Converging Better Response Dynamics in Sender-Receiver Games

We consider information transmission between a sender, who has finitely many types, and a receiver, who must choose a decision in a real interval. The payoffs depend on the sender’s type and the receiver’s decision. We assume that the payoff functions are well-behaved. We characterize the pure strategy perfect Bayesian equilibrium outcomes as incentive-compatible partitions of the sender’s types. We propose an algorithm, which starts from the finest partition. Then, at every step, if the current partition is not incentive compatible, a random type of the sender improves its payoff, and the receiver best responds. We show that every possible run of the algorithm converges to a unique incentive-compatible partition ${\mathrm{\Pi }}_{*}$. This partition ${\mathrm{\Pi }}_{*}$ is such that any partition with more cells than ${\mathrm{\Pi }}_{*}$ is not incentive compatible, so the algorithm determines to which extent information transmission can be effective.

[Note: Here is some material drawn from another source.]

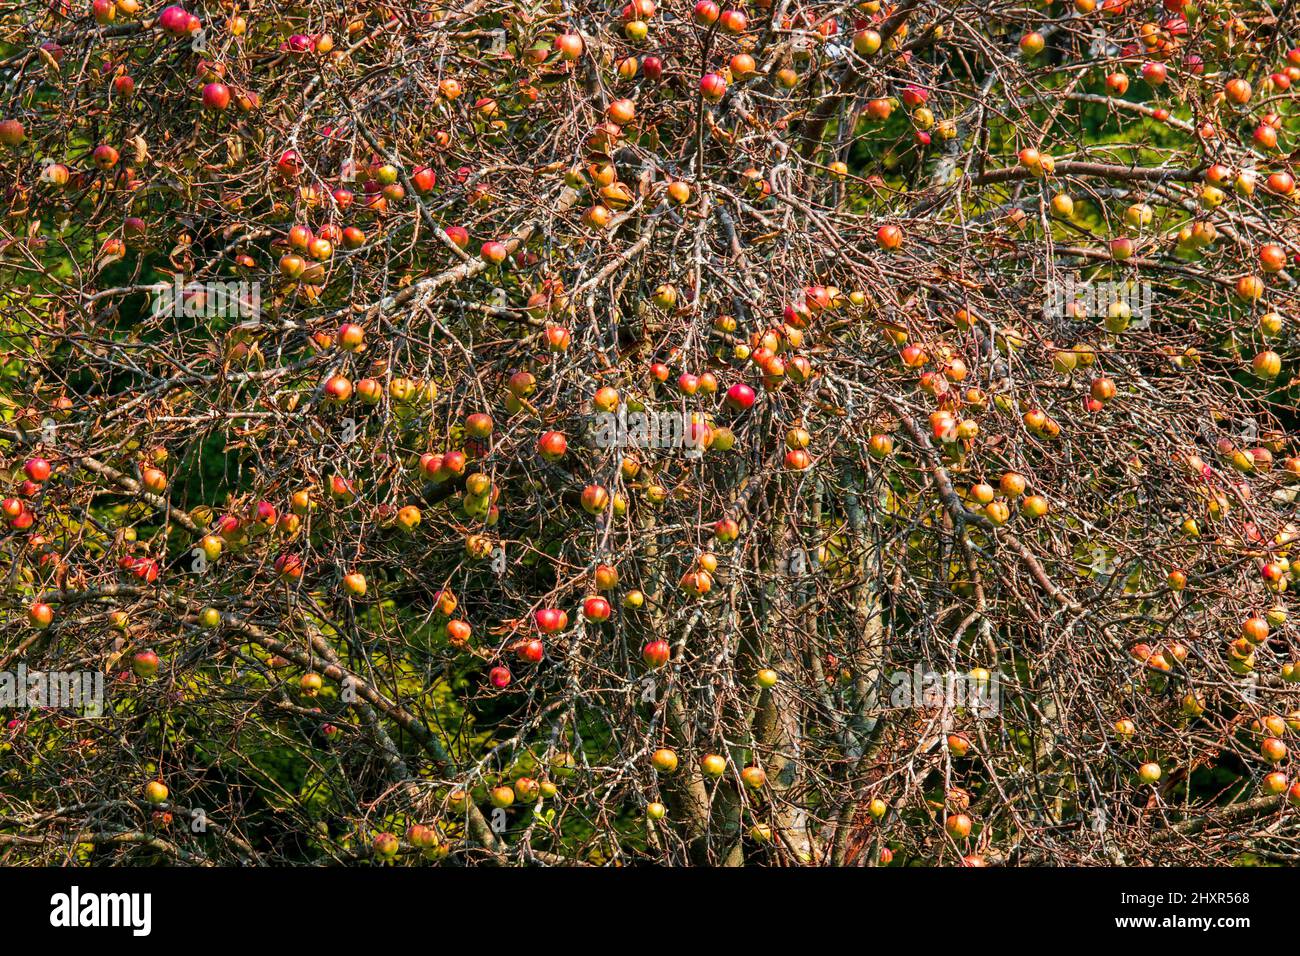 A Wild Domestic Apple tree bearing a large amount of fruit in Pennsylvania's Pocono Mountains Stock Photo

The partition ${\mathrm{\Pi }}_{*}$ also satisfies some refinement criteria for perfect Bayesian equilibria in sender-receiver games. Furthermore, in a discrete version of a popular class of examples (namely, if the sender’s type is uniformly distributed and payoff functions are quadratic, with a constant upward bias for the sender), ${\mathrm{\Pi }}_{*}$ ex ante Pareto dominates every other incentive-compatible partition.